It can be argued that there's no bigger bang-for-the-buck performance upgrade than new axle gears. Auto manufacturers are tasked with building a vehicle that is optimized for both highway efficiency, comfort, and performance. Because of this, there's going to be a trade-off of some sort. All too often, manufacturers lean toward efficiency over performance. Add to the mix the fact that most enthusiasts add larger tires at some point, which effectively raises the gear ratio, and it's easy to see where changing the gearset can make a big difference.

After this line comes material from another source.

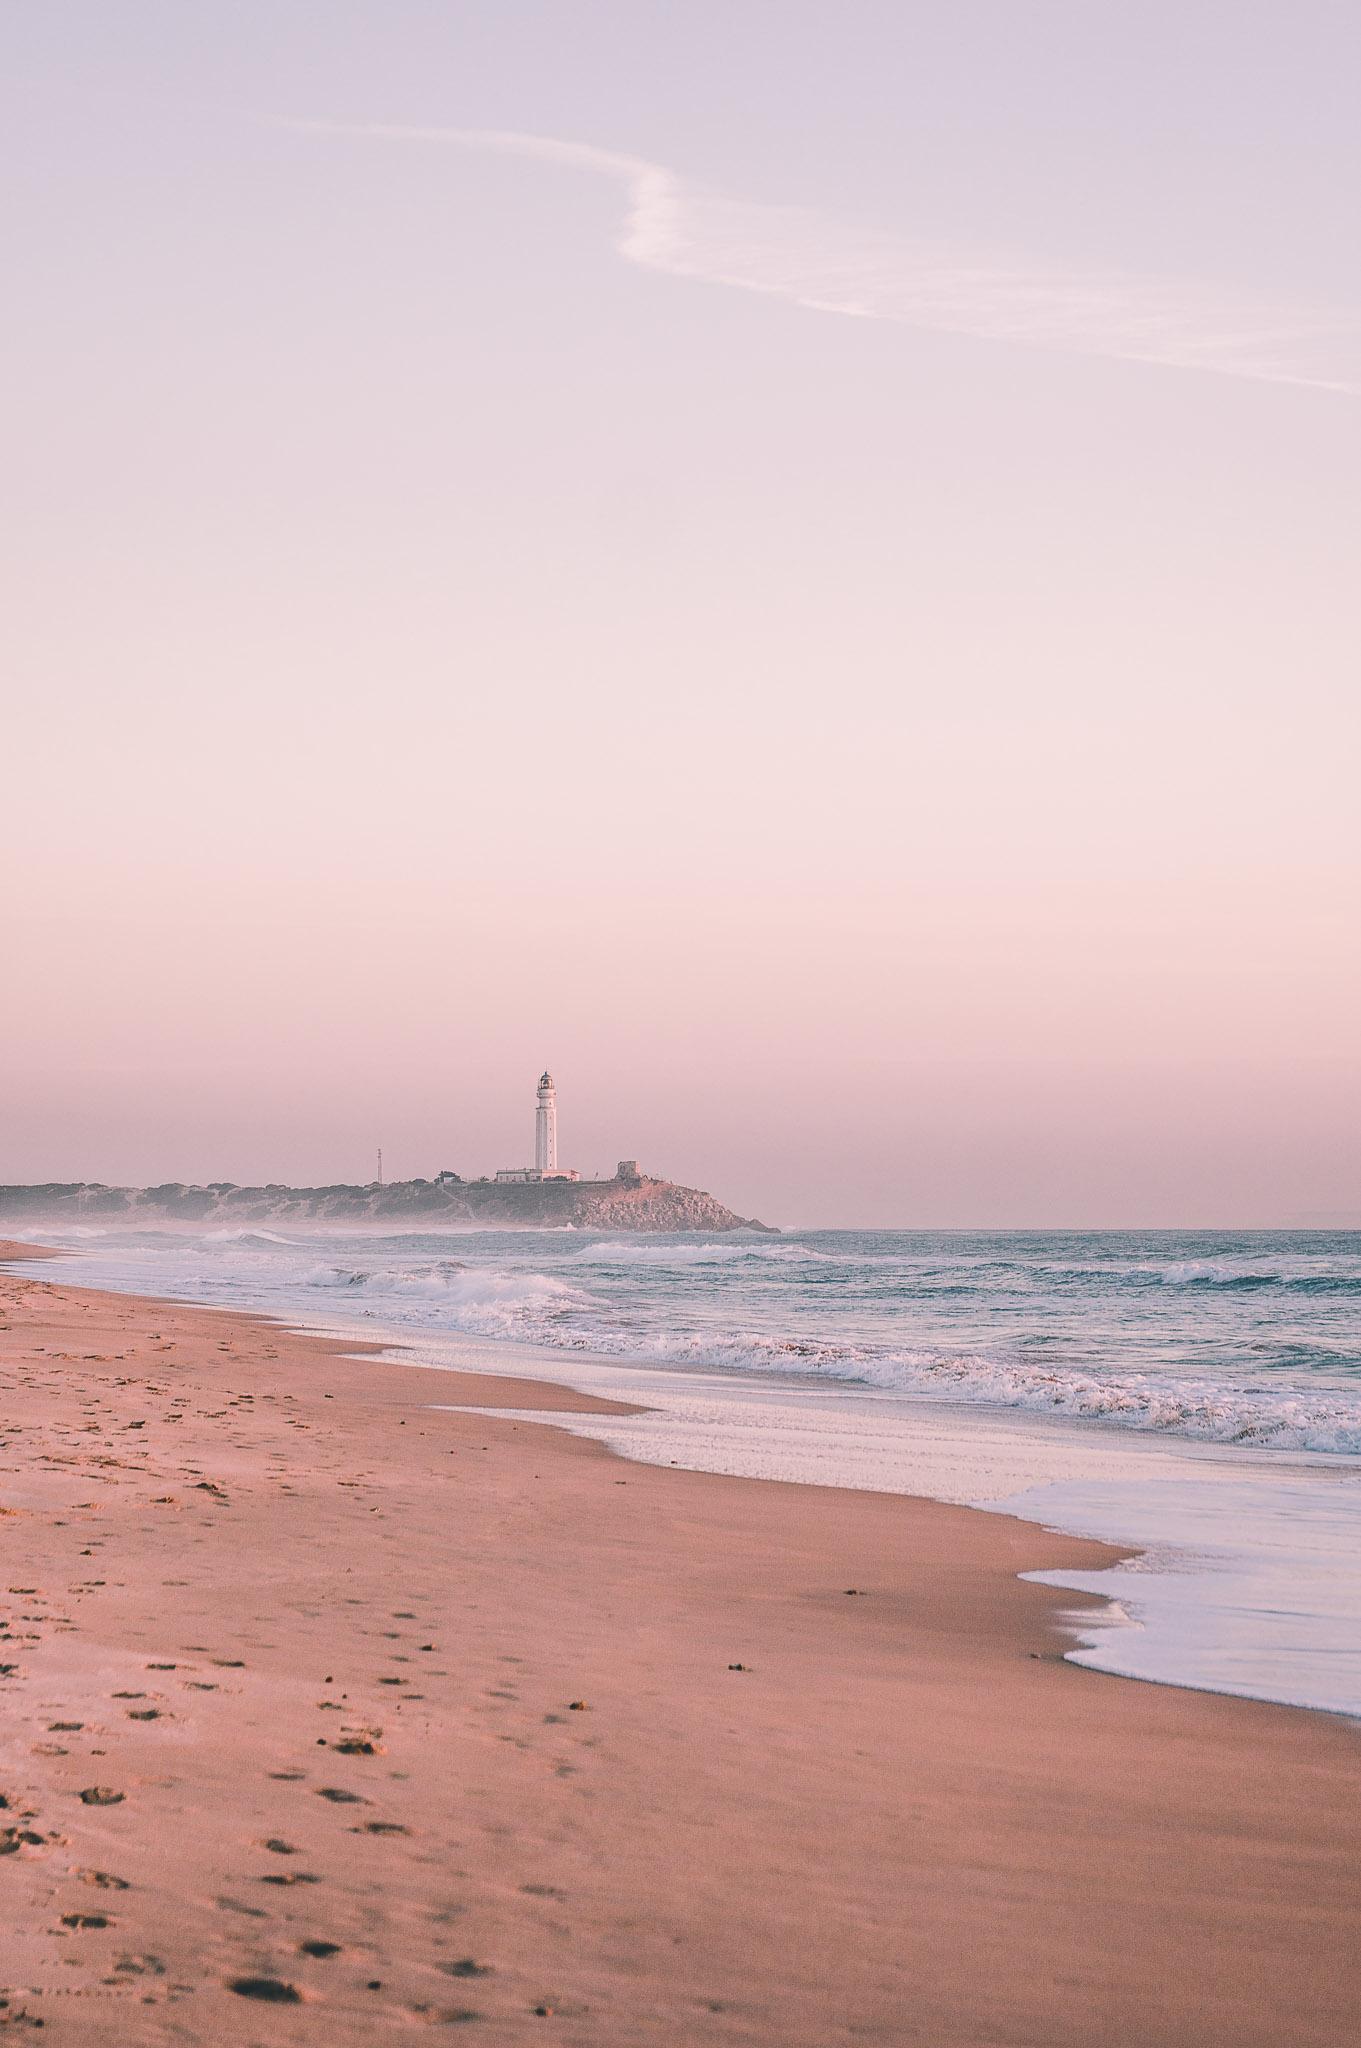 Latarnia morska na Cabo de Trafalgar, Hiszpania, Andaluzja

Using our 2002 Chevrolet Silverado 2500HD project as an example, the truck came from the factory with 3.73:1 axle gears. When we increased the tire size from factory to 37-inch tires, we effectively raised the gear ratio (numerically lower) by about 20 percent. It would be as if we installed 3.23:1 axle gears. The result of this is more difficult acceleration but lower engine rpm at highway speeds.
To get the engine back in its proper powerband and regain the lost acceleration, we needed to change the axle gears to a lower (numerically higher) gearset. To get the truck back to relative normal, we would have needed to install 4.30:1 gears. However, because we did a six-speed transmission conversion, and to get a big of added performance, we opted to go even lower to 4.56:1 gears.

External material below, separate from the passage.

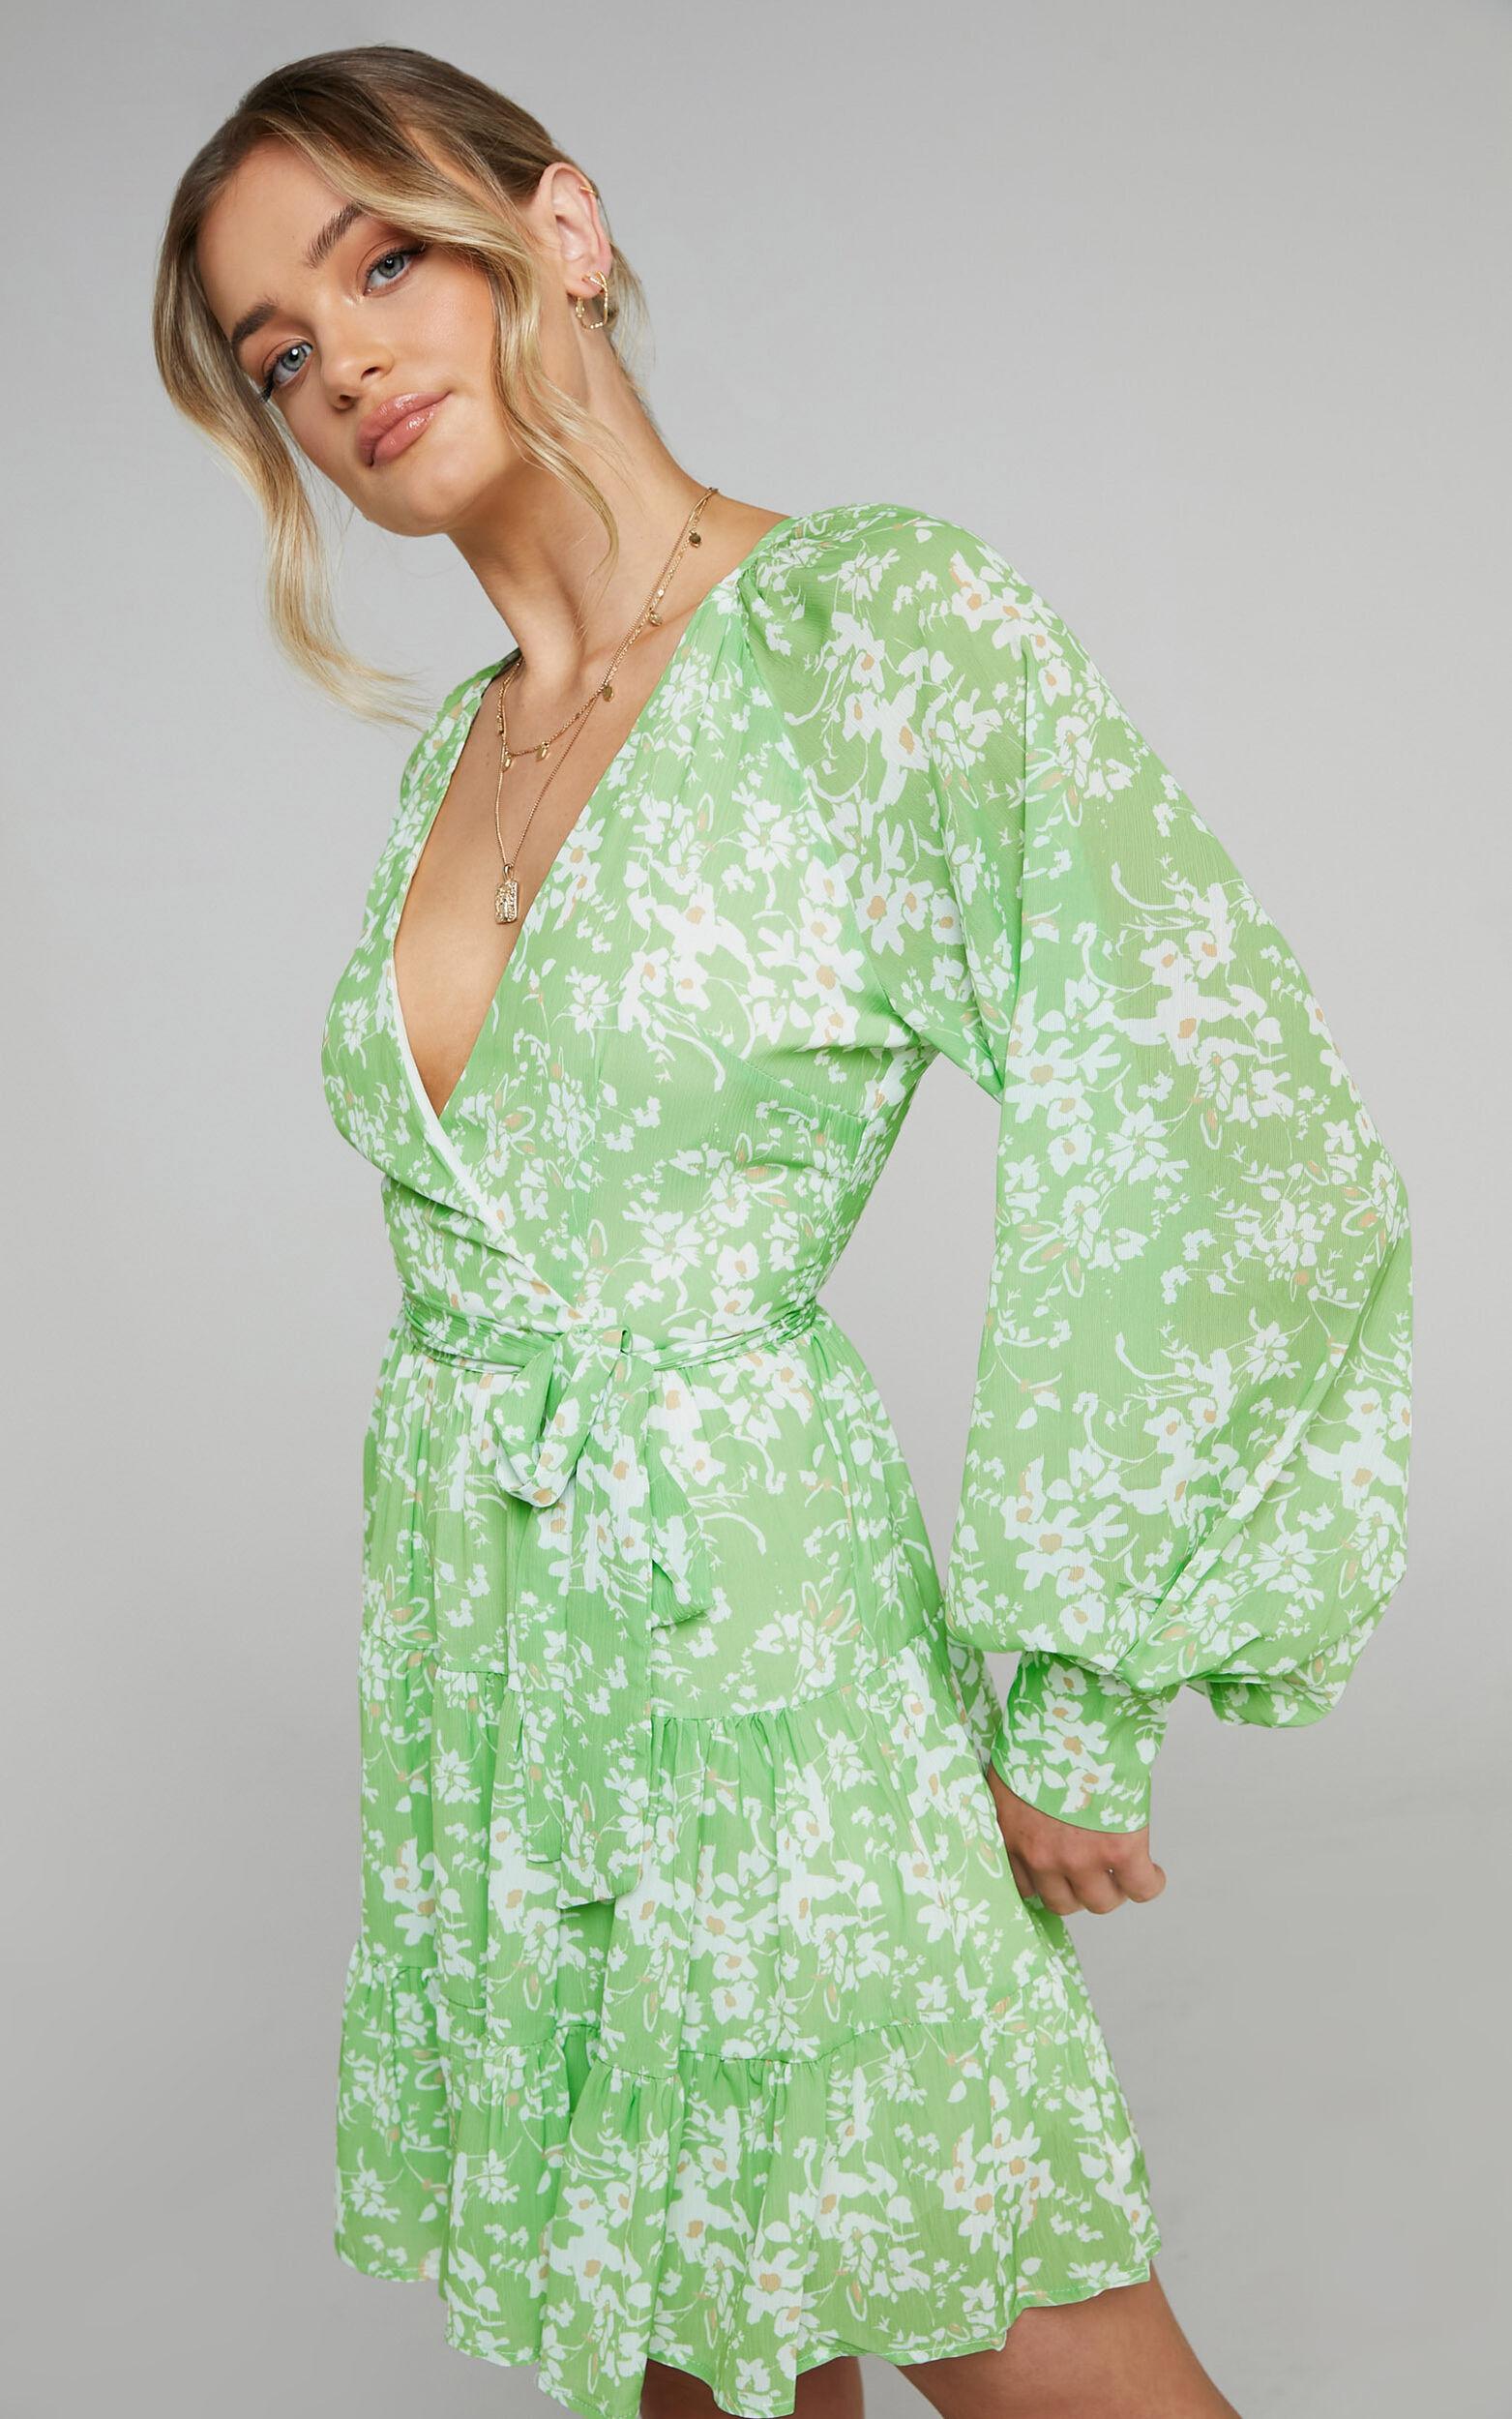 Libby Printed Longsleeve V Neck dress in Whispering Floral - 04, GRN1, super-hi-res image number null

For this project we turned to the gear and axle experts at Yukon Gear. We ordered up a ring and pinion set, master install kit, the company's Dura Grip limited-slip differential, and 4340 chromoly axle shafts. We opted for the Dura Grip limited-slip over a locking differential for its improved highway manners. The Dura Grip is fully rebuildable and features 4320 chromoly spider gears, Raybestos composite clutches, and a strong four-pinion design.

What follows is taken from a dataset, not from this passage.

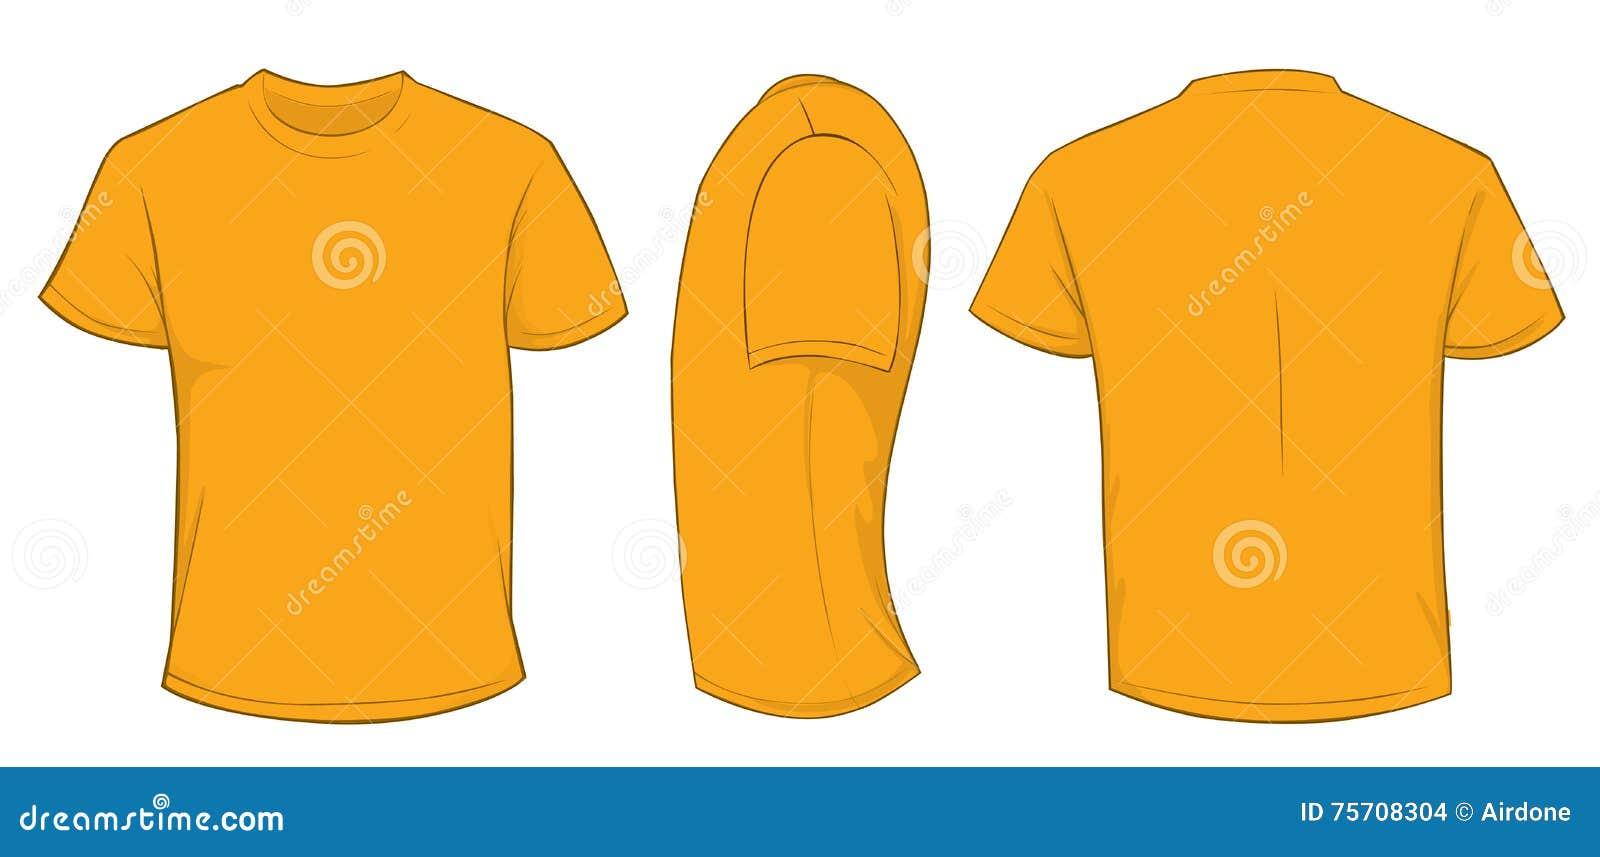 640ceba70 Vector illustration of blank orange men t-shirt template, front, side and back  design isolated on white

Even though the GM 14-bolt axle is one of the easiest to set up gears in, we opted to leave this important job to the professionals and headed over to South Bay Truck & 4x4 in Hawthorn, California. Owner Frank Gilliland has installed thousands of gearsets during his career, leaving us no doubt that he'd get ours done right the first time. The job requires special tools and knowledge to avoid a frustrating situation and potential damage. Frank has the rear axle set up in just a few short hours. The front differential of these IFS Chevy HD trucks is another project altogether and one that we'll address in the next installment.